Au-delà du Kenya et du Bangladesh, World Vision soutient aussi des campagnes de sensibilisation dans plusieurs pays dans lesquelles elle intervient. L’organisation favorise un travail coopératif avec les institutions locales pour assurer l’application des lois et l’accès à l’éducation, conditions indispensables à la fin des MGF.
Comment s’engager et agir contre les MGF ?
Chacun peut contribuer à mettre fin aux mutilations génitales féminines.

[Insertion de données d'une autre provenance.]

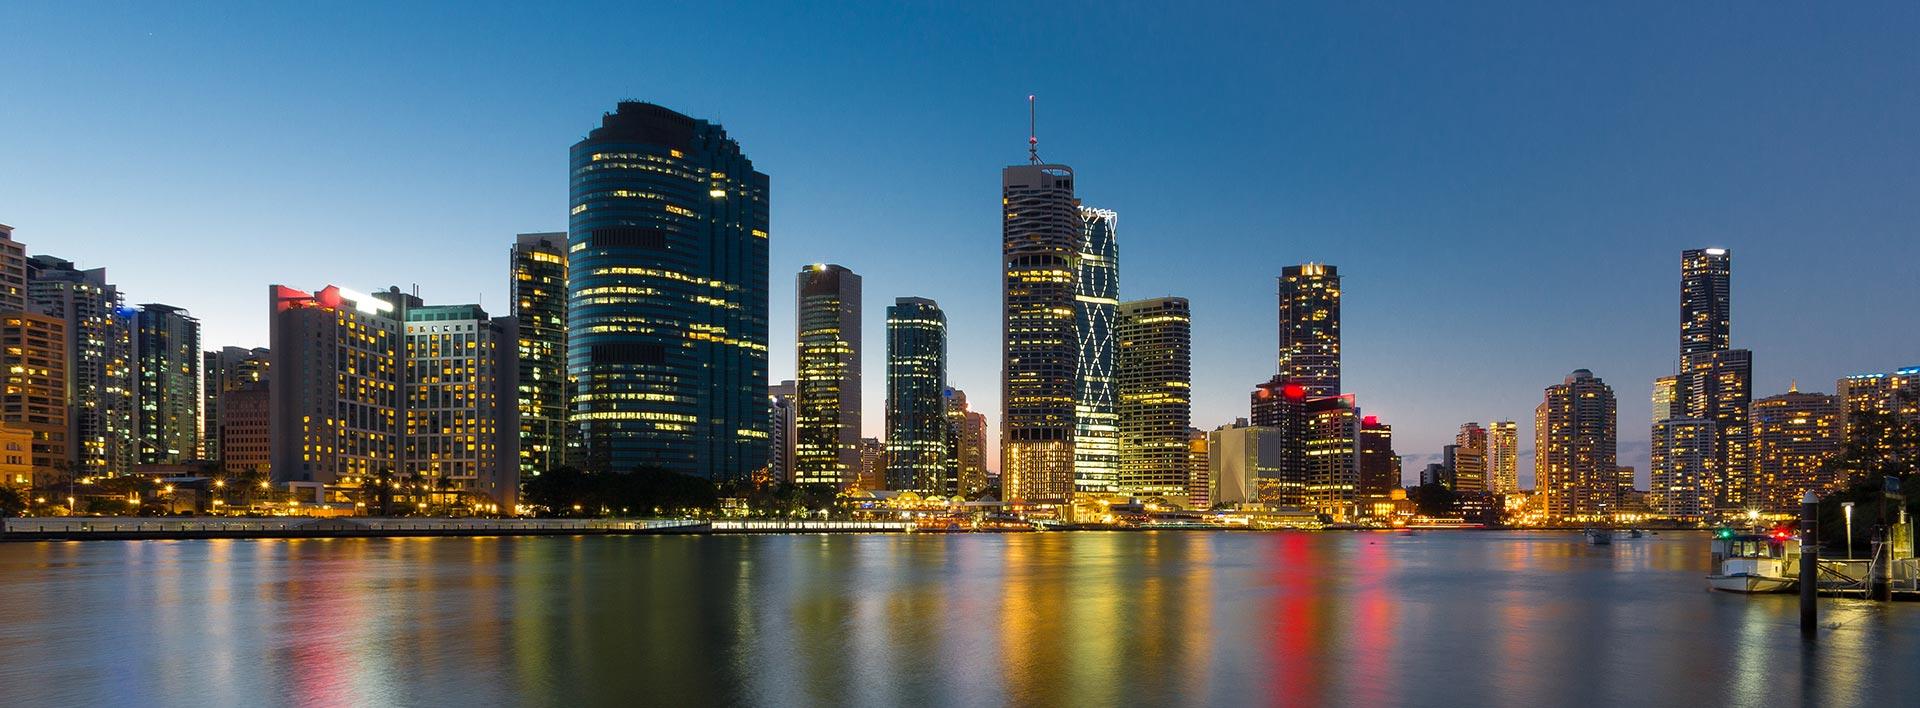 Based in Brisbane, Australia

En partageant les campagnes de sensibilisation et en portant la voix des victimes, chaque citoyen peut contribuer à faire évoluer les mentalités.
Il est également possible de soutenir financièrement les programmes de prévention via des dons à des associations engagées, comme World Vision France. Ces contributions permettent de financer des actions concrètes comme les formations aux droits des enfants, ou encore la reconversion des exciseuses.
S’impliquer, c’est aussi parler ouvertement du sujet, dans son entourage, son école ou son lieu de travail, pour sensibiliser les plus jeunes. Les professionnels de santé, enseignants, éducateurs ou bénévoles peuvent se former pour identifier les situations à risque et accompagner les familles.
Relayer les campagnes, donner, témoigner, c’est participer concrètement à la protection des femmes et des filles pour qu’elles n’aient plus jamais à subir ces violences.